This tool is used to retrieve academic information in the Laboratory's shared paper database, which contains abundant research papers. It is useful to help you to answer the user's academic questions.

PARAMETER	DESCRIPTION
`item_to_be_retrieved`	The things that you want to retrieve in the shared paper database. TYPE: `str`

Source code in labridge\func_modules\paper\retrieve\paper_retriever.py

@dispatcher.span
async def aretrieve(
	self,
	item_to_be_retrieved: str,
) -> List[NodeWithScore]:
	r"""
	This tool is used to retrieve academic information in the Laboratory's shared paper database, which contains
	abundant research papers. It is useful to help you to answer the user's academic questions.

	Args:
		item_to_be_retrieved (str): The things that you want to retrieve in the shared paper database.
	"""
	vector_nodes = await self.paper_vector_retriever.aretrieve(item_to_be_retrieved)
	summary_chunk_nodes = await self.paper_summary_retriever.aretrieve(item_to_be_retrieved)

	hybrid_doc_ids = set()
	for node in summary_chunk_nodes + vector_nodes:
		hybrid_doc_ids.add(node.node.ref_doc_id)

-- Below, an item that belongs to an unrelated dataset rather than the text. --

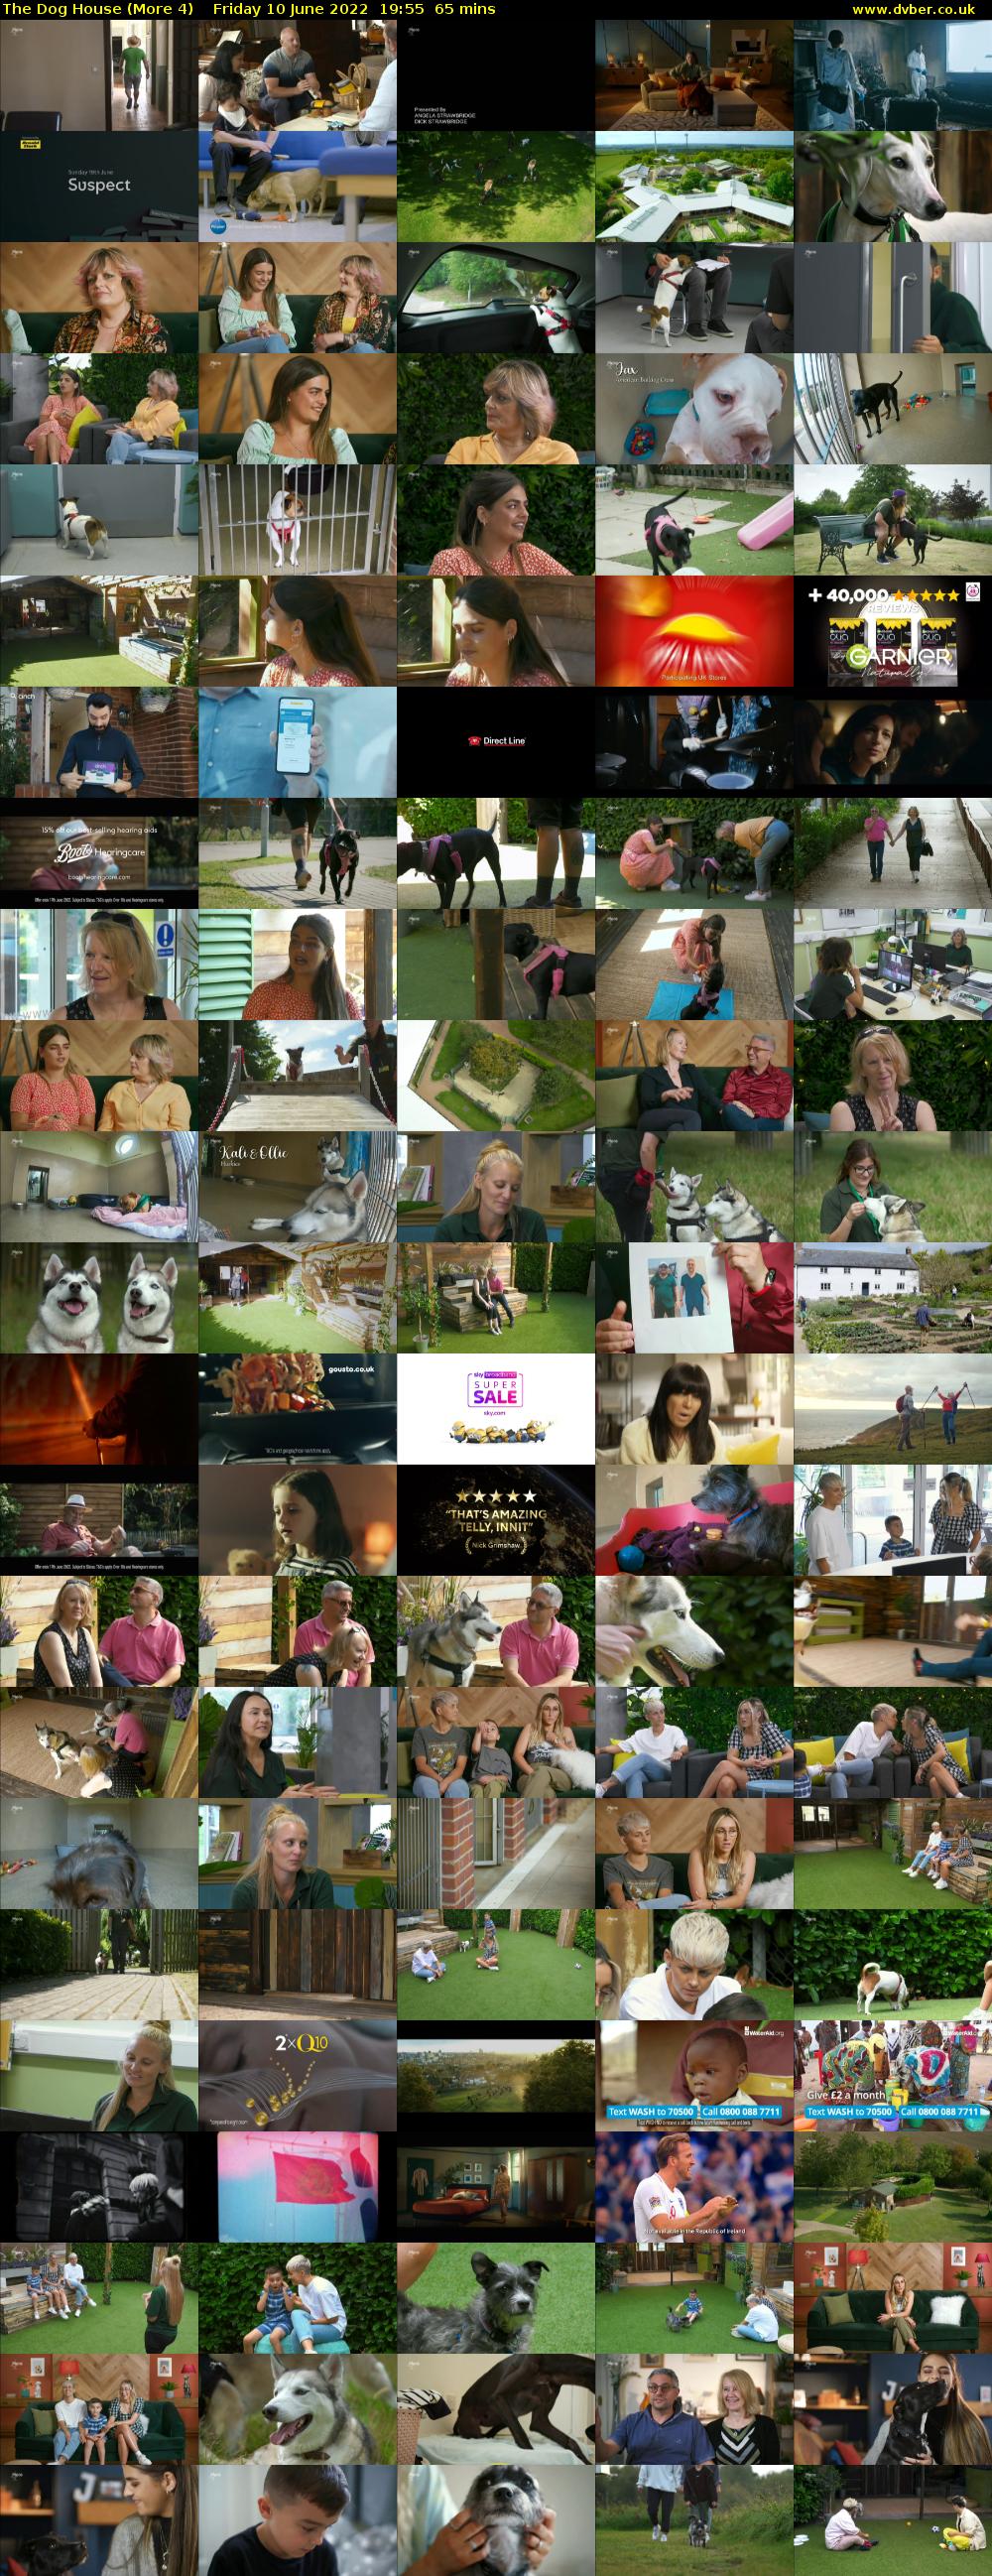 The Dog House (More 4) Friday 10 June 2022 19:55 - 21:00
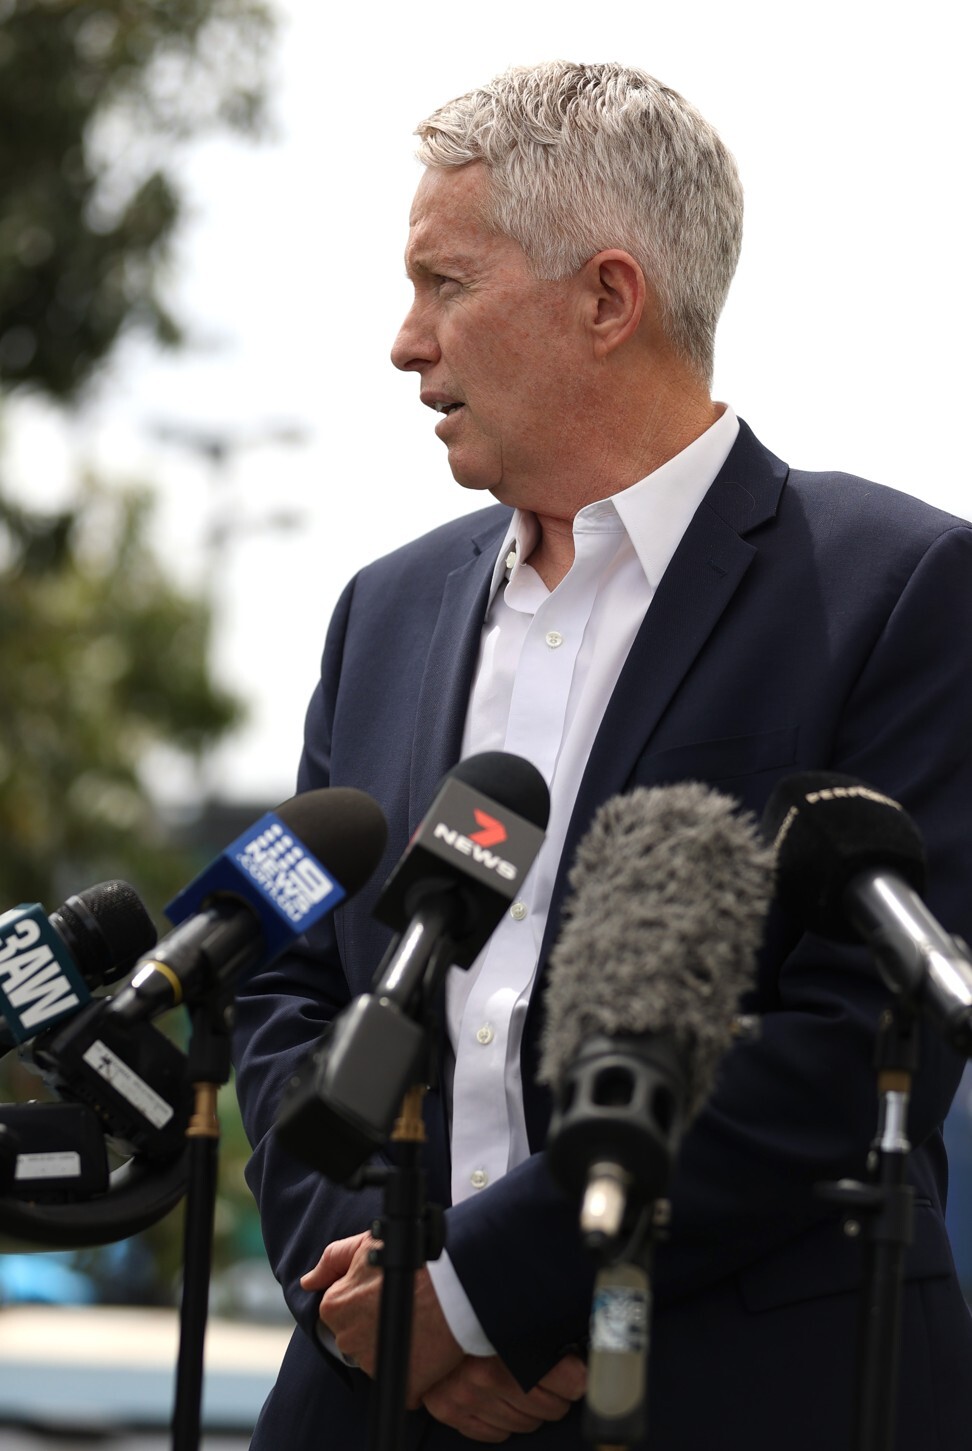 Craig Tiley, CEO of Tennis Australia, speaks to media during a press conference. Photo: Reuters

	doc_id_to_summary_id = self.paper_summary_retriever._index._index_struct.doc_id_to_summary_id
	hybrid_summary_ids = [doc_id_to_summary_id[doc_id] for doc_id in hybrid_doc_ids]
	doc_summary_nodes = self.paper_summary_retriever._index.docstore.get_nodes(hybrid_summary_ids)

	self.paper_summary_post_selector._summary_nodes = doc_summary_nodes
	final_doc_ids = await self.paper_summary_post_selector.aselect(item_to_be_retrieved)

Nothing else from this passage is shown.